En se prêtant au contraire à ce mariage, l’abbé s’attachait le prince et sa femme par un lien de reconnaissance profonde, ou du moins par la solidarité d’un acte dangereux.
Sans doute tout pouvait se découvrir, et il s’exposait alors à la colère du grand-duc; mais le mariage serait conclu, l’union valable, l’orage passerait, et le futur souverain de Gerolstein se trouverait d’autant plus lié envers l’abbé que celui-ci aurait couru plus de danger à son service.
Après de mûres réflexions, l’abbé se décida donc à servir Sarah; néanmoins avec une certaine restriction dont nous parlerons plus tard.
La passion de Rodolphe était arrivée à sa dernière période; violemment exaspéré par la contrainte et par les habilissimes séductions de Sarah, qui semblait souffrir encore plus que lui des obstacles insurmontables que l’honneur et le devoir mettaient à leur félicité, quelques jours de plus, le jeune prince se trahissait.
Qu’on y songe, c’était un premier amour, un amour aussi ardent que naïf, aussi confiant que passionné; pour l’exciter, Sarah avait déployé les ressources infernales de la coquetterie la plus raffinée. Non, jamais les émotions vierges d’un jeune homme plein de cœur, d’imagination et de flamme, ne furent plus longuement, plus savamment excitées; jamais femme ne fut plus dangereusement attrayante que Sarah. Tour à tour folâtre et triste, chaste et passionnée, pudique et provocante: ses grands yeux noirs, langoureux et brûlants, allumèrent dans l’âme effervescente de Rodolphe un feu inextinguible.
Lorsque l’abbé lui proposa de ne plus jamais voir cette fille enivrante, ou de la posséder par un mariage secret, Rodolphe sauta au cou du prêtre, l’appela son sauveur, son ami, son père. Le temple et le ministre eussent été là que le jeune prince eût épousé à l’instant.
L’abbé voulut, pour cause, se charger de tout.
Il trouva un ministre, des témoins; et l’union (dont toutes les formalités furent soigneusement surveillées et vérifiées par Tom) fut secrètement célébrée pendant une courte absence du grand-duc, appelé à une conférence de la Diète germanique.

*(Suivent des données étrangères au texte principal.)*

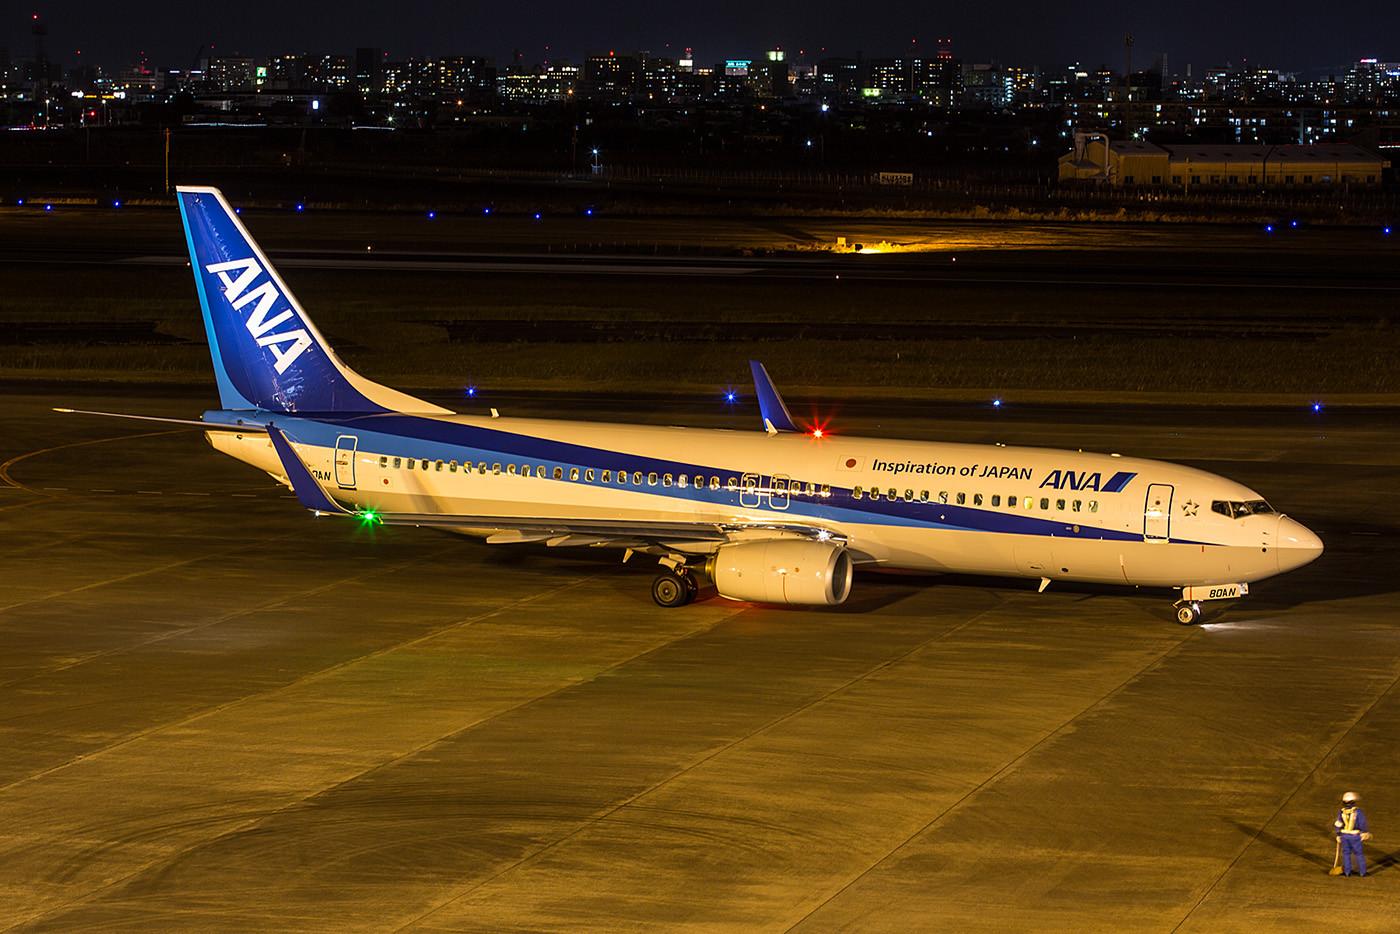 Boeing 737-800 der ANA auf dem Weg nach Osaka-Itami.

Les prédictions de la montagnarde Écossaise étaient réalisées: Sarah épousait l’héritier d’une couronne.
Sans amortir les feux de son amour, la possession rendit Rodolphe plus circonspect et calma cette violence qui aurait pu compromettre le secret de sa passion pour Sarah. Le jeune couple, protégé par Tom et par l’abbé, s’entendit si bien, mit tant de réserve dans ses relations, qu’elles échappèrent à tous les yeux.